Piyush Upadhyay1, Rakhi Jain2.
1Department of Pediatrics, Ram Manohar Lohia Institute of Medical Sciences, Lucknow, India, 2Department of Pediatrics, Ganesh Shankar Vidyarthi Memorial Medical College, Kanpur, India.
ADDRESS FOR CORRESPONDENCE Dr Rakhi Jain, 98, Y-1, Kidwai Nagar, Kanpur, Uttar Pradesh, India. Email: drrakhi09@gmail.com Show affiliations | Abstract | Background: Allergic rhinitis (AR) is a common pediatric disorder. Vitamin D is known to have effect on helper T-cells, regulatory T-cells, activated B-cells and dendritic cells linking vitamin D to various immune-related conditions and allergies. Vitamin D can significantly affect the outcome of allergic responses in AR.
Objective: To study the effect of vitamin D supplementation in the treatment of children with AR.
Materials and Methods: Forty-two children with AR and low 25 hydroxy (OH) D3 levels were included in the study. Total Nasal Symptom Score (TNSS) and 25 (OH) D3 levels were measured before and after treatment. They were divided in two groups randomly.
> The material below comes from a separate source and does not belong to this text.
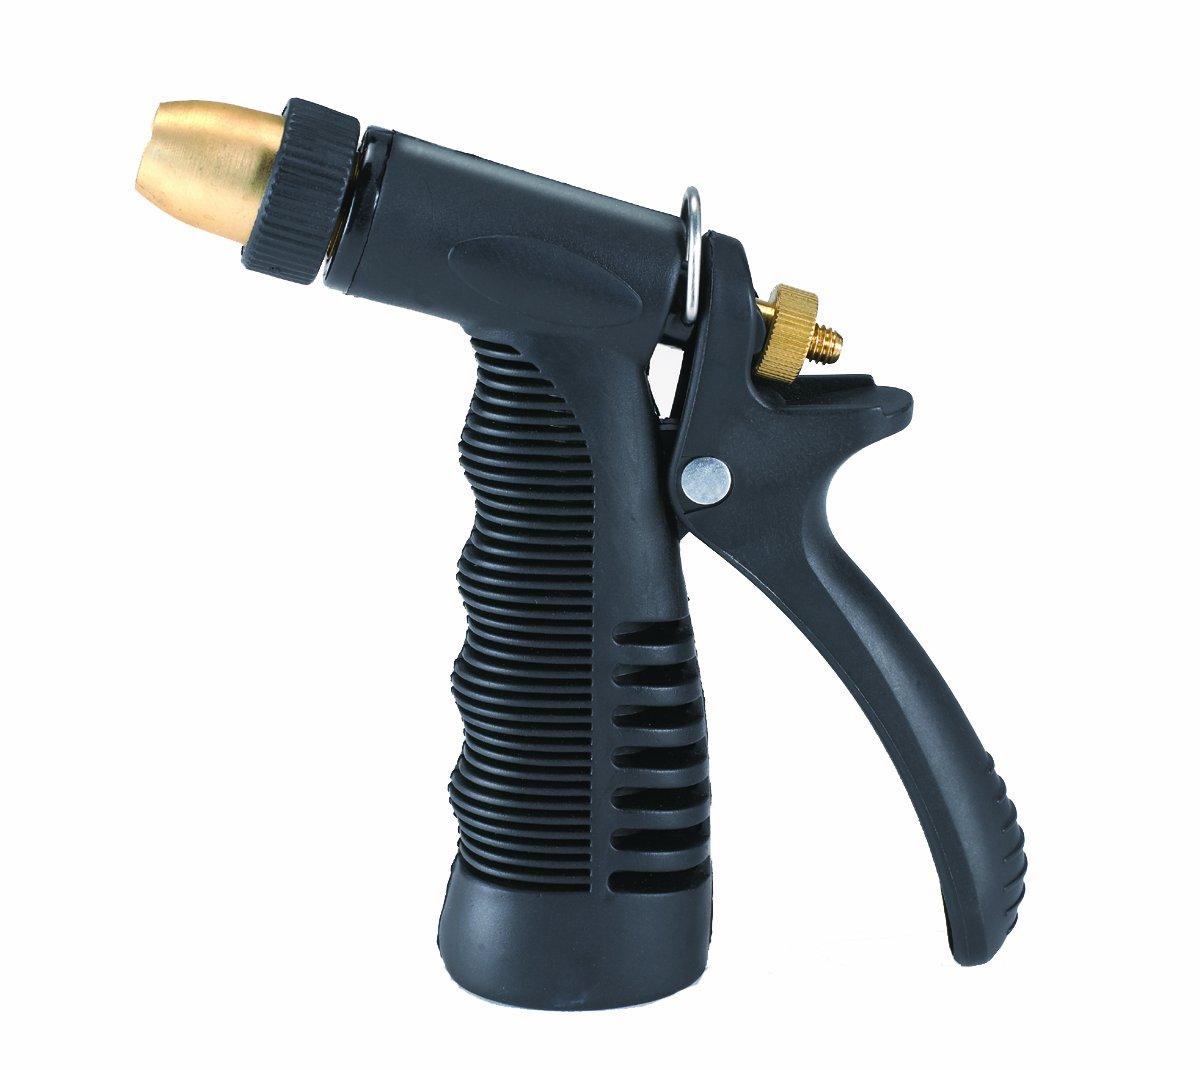 Shurhold 288 Hose Nozzle
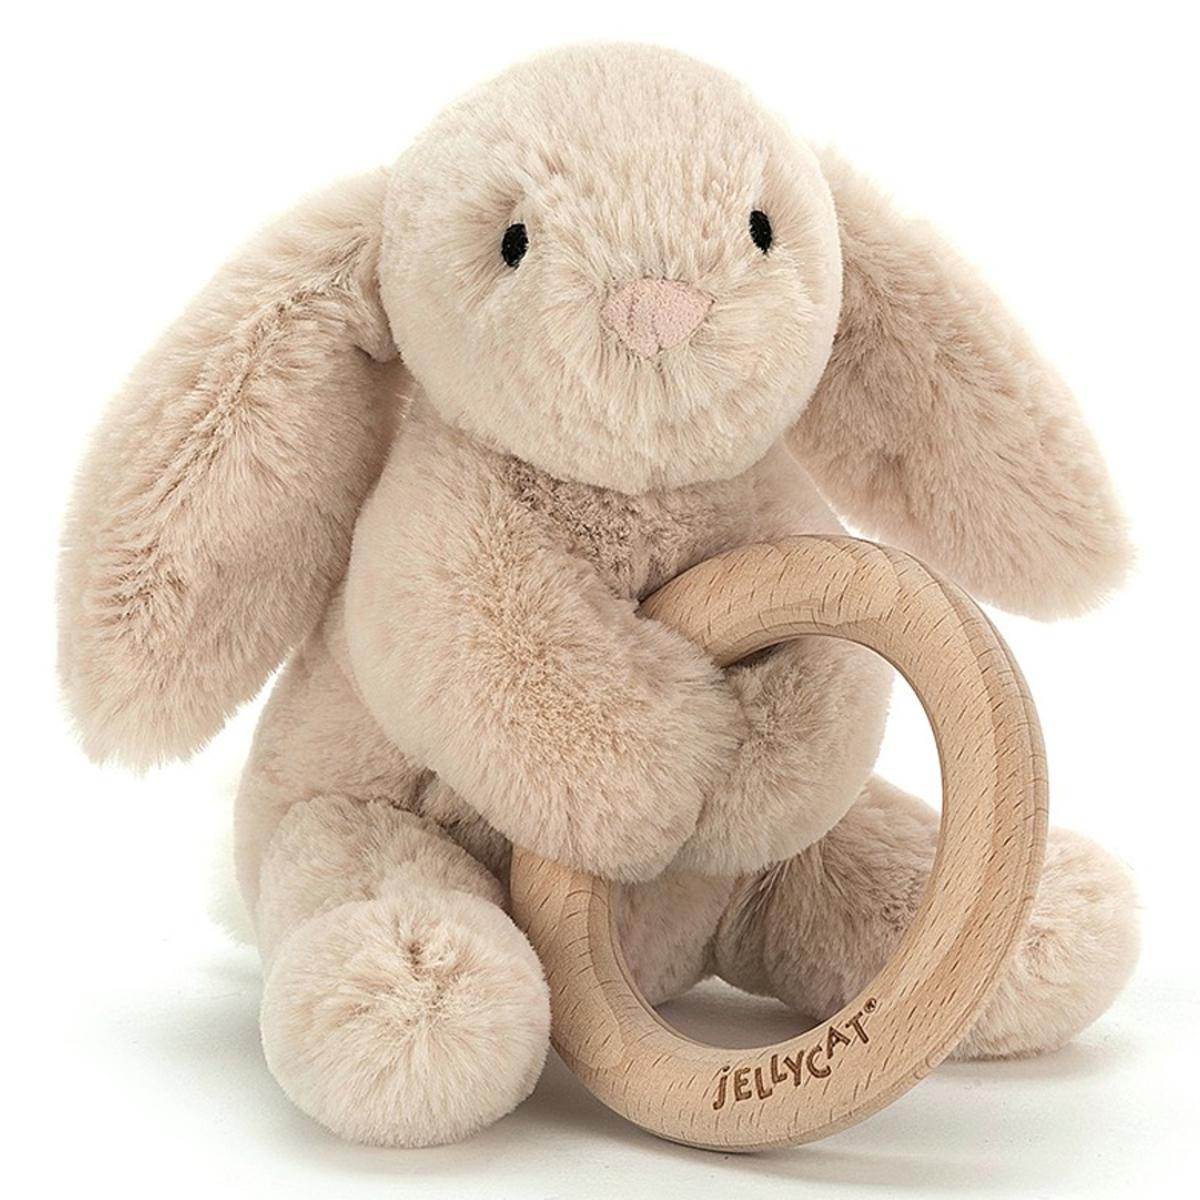 Hochet Hochet Shooshu Bunny avec Anneau en Bois Hochet Shooshu Bunny avec Anneau en Bois

Both groups were given standard treatment for AR. One group received oral vitamin D (cholecalciferol: 400-800 IU as per age of the child) for 21 days. The results were compared with the other group being treated similarly but without supplementation of vitamin D.
Results: Clinical improvement in terms of reduction in the TNSS was significant in the post-Vitamin D supplemented group (TNSS score pre-treatment and post treatment were 10.6 ± 2.65 and 2.76 ± 1.6 respectively in Vitamin D supplemented group and 11.04 ± 1.93 and 4.66±1.99 in the pre and post-treatment group in those who were not supplemented) (p=0.01). Significant improvement of Vitamin D levels was found post-treatment in Vitamin D supplemented group (23.06 ± 9.73 ng/ml) as compared to pre-treatment (18.13 ± 4.55 ng/ml) (p<0.05) while there was no significant difference in group not supplemented with Vitamin D (pre and post treatment 18.01 ± 3.95 ng/ml and 17.99 ± 3.83 ng/ml respectively)
Conclusion: Supplementation of vitamin D in patients with AR leads to significant clinical improvement.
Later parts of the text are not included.